Mike Piazza delivered a memorable home run in

Mike Piazza delivered a memorable home run in the first baseball game in New York after the 9/11 terrorist attacks. (Sept. 21, 2001) (Credit: AP)

A decade ago, in what now seems a different lifetime, Robin Ventura was the Mets' third baseman when Osama bin Laden launched the 9/11 attacks that forever changed the world.

But on Sunday, Ventura was just another fan at Stagecoach, a country music festival in Indio, Calif. Unlike Citizens Bank Park, however, the concert venue momentarily stopped to announce that bin Laden had been killed.

"You're sitting there watching the concert, and the next thing you know, it's like, whoa," Ventura said Monday. "It was shocking. You hear that news, and all of a sudden, you're thinking geez, it's been 10 years. And you're shocked that they actually pulled it off."
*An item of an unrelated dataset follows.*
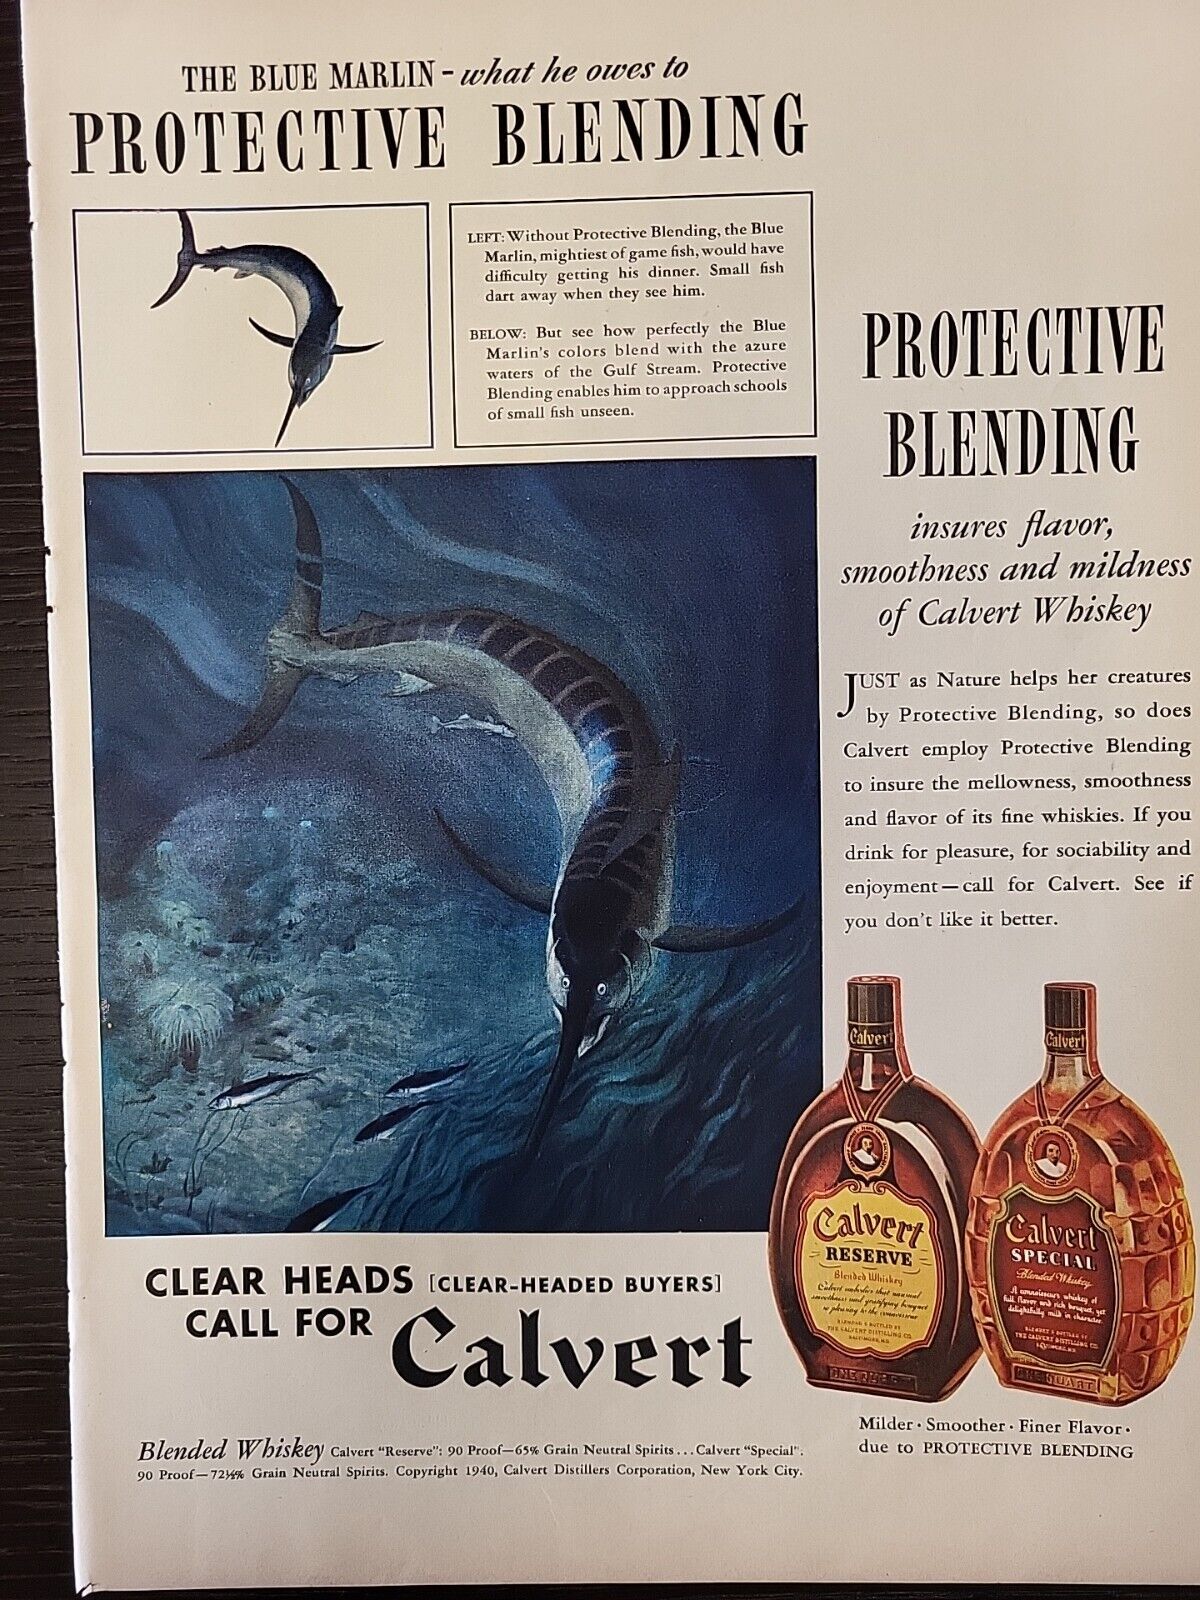 1940 Print Advertising Calvert Whiskey Blue Marlin protective blending LIFE L42A

Instantly, Ventura was transported back to the 10 days that followed the collapse of the Twin Towers, leading up to the Sept. 21 game at Shea Stadium. Mike Piazza provided that night's exhilarating moment by launching the eighth-inning home run that beat the Braves -- and helped breathe some life back into a battered city. But there are so many other sights and sounds from that evening that have left an indelible mark.
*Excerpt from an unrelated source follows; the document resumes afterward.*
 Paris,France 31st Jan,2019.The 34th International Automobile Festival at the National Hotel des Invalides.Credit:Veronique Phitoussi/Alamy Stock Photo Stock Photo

"Any time I hear bagpipes," Ventura said, "that's where I immediately flash back to."

The memories of that Shea night flooded back for Todd Zeile, too. He was on a flight to Alabama on Sunday night and didn't get word of President Obama's announcement until his "phone blew up" once he landed. Zeile called Piazza's home run the "top of the charts" as far as highlights from that evening, but there were so many other moments to recall.

"I remember the firefighters, the police officers and rescue workers on the field," Zeile said.

The Mets made numerous trips to Ground Zero, along with helping countless families at Shea, and that created many personal bonds with the victims and their loved ones.

"It does take me back," Zeile said. "I think everybody that was a New Yorker at the time owns that moment in their own way.''

As for John Franco, he never left. The Brooklyn native and former St. John's and Mets pitcher lives in a TriBeCa apartment only five blocks from Ground Zero, so the images and memories are always fresh in his mind. Remembering the friends and families affected by the 9/11 attacks is part of his daily life. Closure probably is not realistic, even with the killing of bin Laden, but Franco allowed himself to take part in the nation's big moment.

"Today I'm proud to be an American," Franco said Monday. "I'm very proud of our soldiers and very proud of the president. It's a great day to be an American."